У Артамоновой было одно замечательное качество: говоря о деле, которое небезразлично ей, она забывалась, как бы сбрасывала с лица маску, не заботясь о том, что обязана держать себя строго и непременно иронично, в границах, установленных ею же специально для общения с Анатолием Модестовичем, и становилась просто человеком, инженером — работа прежде всего, а остальное, что не имеет отношения к работе, — после, потом. Вот сейчас она была инженером, и Анатолий Модестович почувствовал, уловил эту перемену и перестал робеть и смущаться.

— Прямо так возьмем и начнем ломать? — сказал он с усмешкой. — Вы человек крайностей, Зинаида Алексеевна.

Она недоуменно пожала плечами. Дескать, о чем с вами разговаривать, если вы, осторожничая и оглядываясь, готовы похоронить даже собственную прекрасную идею!.. Впрочем, оба они понимали, что идея пока лишь схема, толчок к действию, не более. Но коль скоро всякое действие вызывает противодействие, а голую идею отвергнуть и похоронить проще всего, спешить не надо...

— Сразу ломать не стоит, — сказала Артамонова, — но и тянуть вы не имеете права, иначе у вас утянут идею.

— Кто и зачем? — удивился Анатолий Модестович.

— Не будьте ребенком. Идеи носятся в воздухе, как микробы. И фигурально и буквально. Сегодня поймали вы, завтра поймает другой. А бывает и так, что увидел, догадался один, а схватил этот другой. — Ее холодноватые зеленые глаза вдруг потеплели словно, ожили и сделались грустными.

Анатолий Модестович заметил это и как-то неожиданно подумал, что вот синий цвет — это синий цвет, и только, он всегда одинаков, и серый тоже, а зеленый бывает очень разный: от ласкового и мягкого до льдистого и жесткого...

— Чего вы улыбаетесь? — спросила Артамонова настороженно.

— Да так. — Он тряхнул головой и вздохнул. — Подумал, что, в сущности, весь мир зеленый.

— У пьяниц, — сказала она.

— Почему у пьяниц?

— Зеленые чертики, зеленые наклейки. Надеюсь, вы не законспирированный алкоголик? — И снова ее глаза приобрели холодный оттенок.

— Я легальный, — пошутил Анатолий Модестович.
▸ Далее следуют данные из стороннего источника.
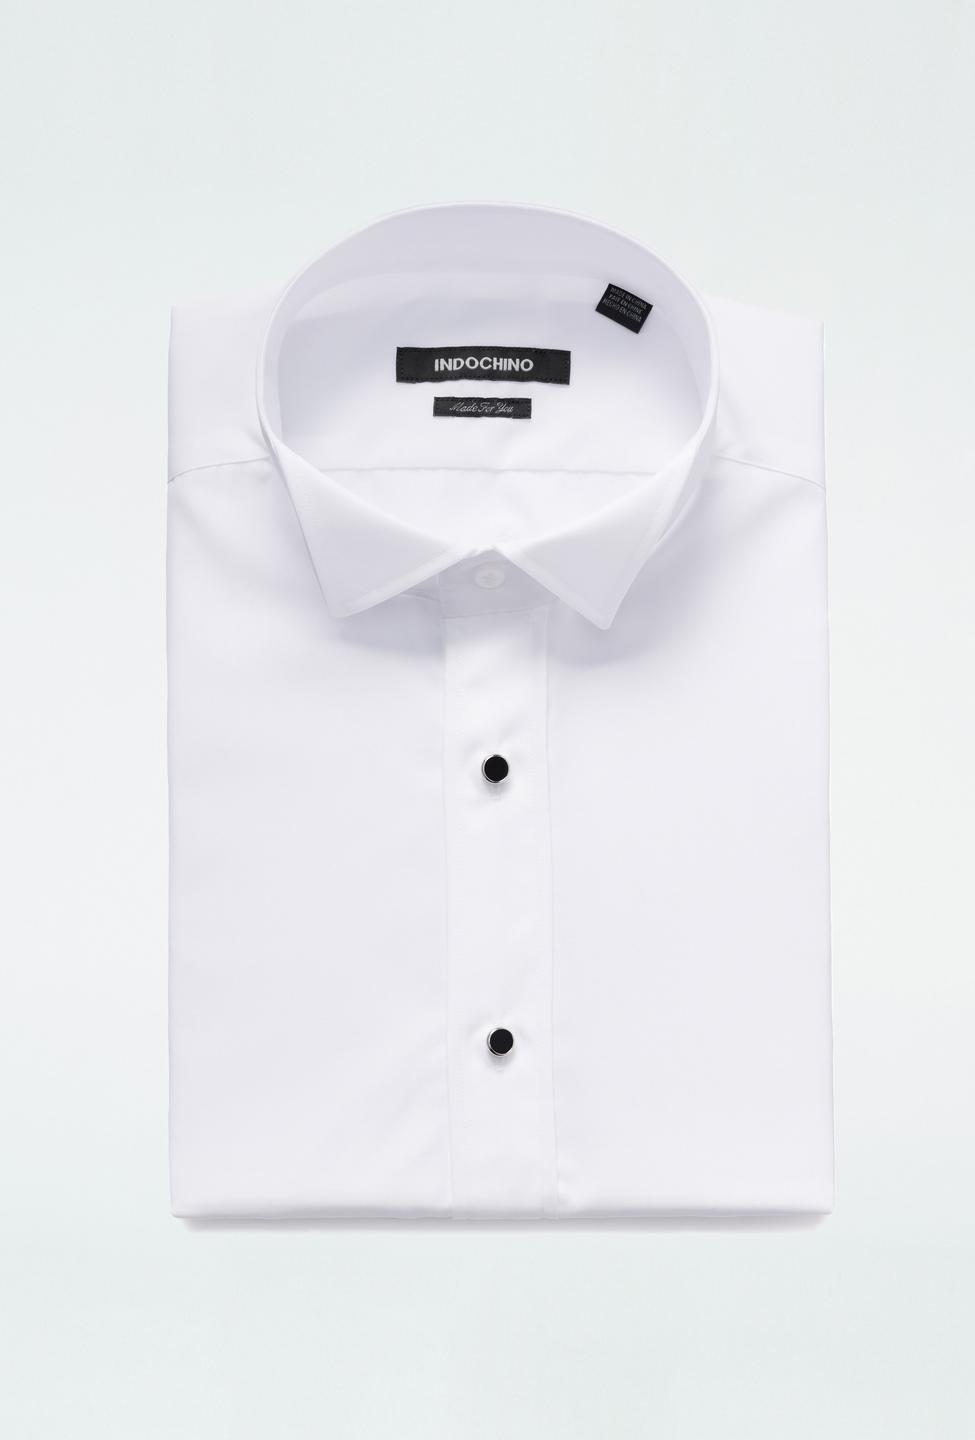 White shirt - Helston Solid Design from Tuxedo Indochino Collection

— Чего-чего, а пьяницы из вас не получится. Для этого тоже нужен характер. Считается, что в пьянстве ищут забвения. А может, все наоборот?.. Может, пьяному открываются такие глубины философии, что нам, трезвенникам, и не снились? Знаете, как мне иногда хочется напиться?.. Чтобы ничего не помнить, ничего не знать...

— А как же глубины философии?

— Не ловите на слове. И вообще, что это вы завели какой-то никчемный разговор?

— По-моему, этот разговор завели вы, — возразил Анатолий Модестович.

— Возможно, вам виднее, — сказала она сухо, с недовольством. — Не будем спорить. Чем, собственно, я могу быть вам полезна?.. Ах да, вы же собираетесь защищать диплом и вам нужен руководитель. Думаете, я гожусь на эту роль? — Она вскинула голову, и он почувствовал, как сжимается, делается все меньше и меньше под ее взглядом.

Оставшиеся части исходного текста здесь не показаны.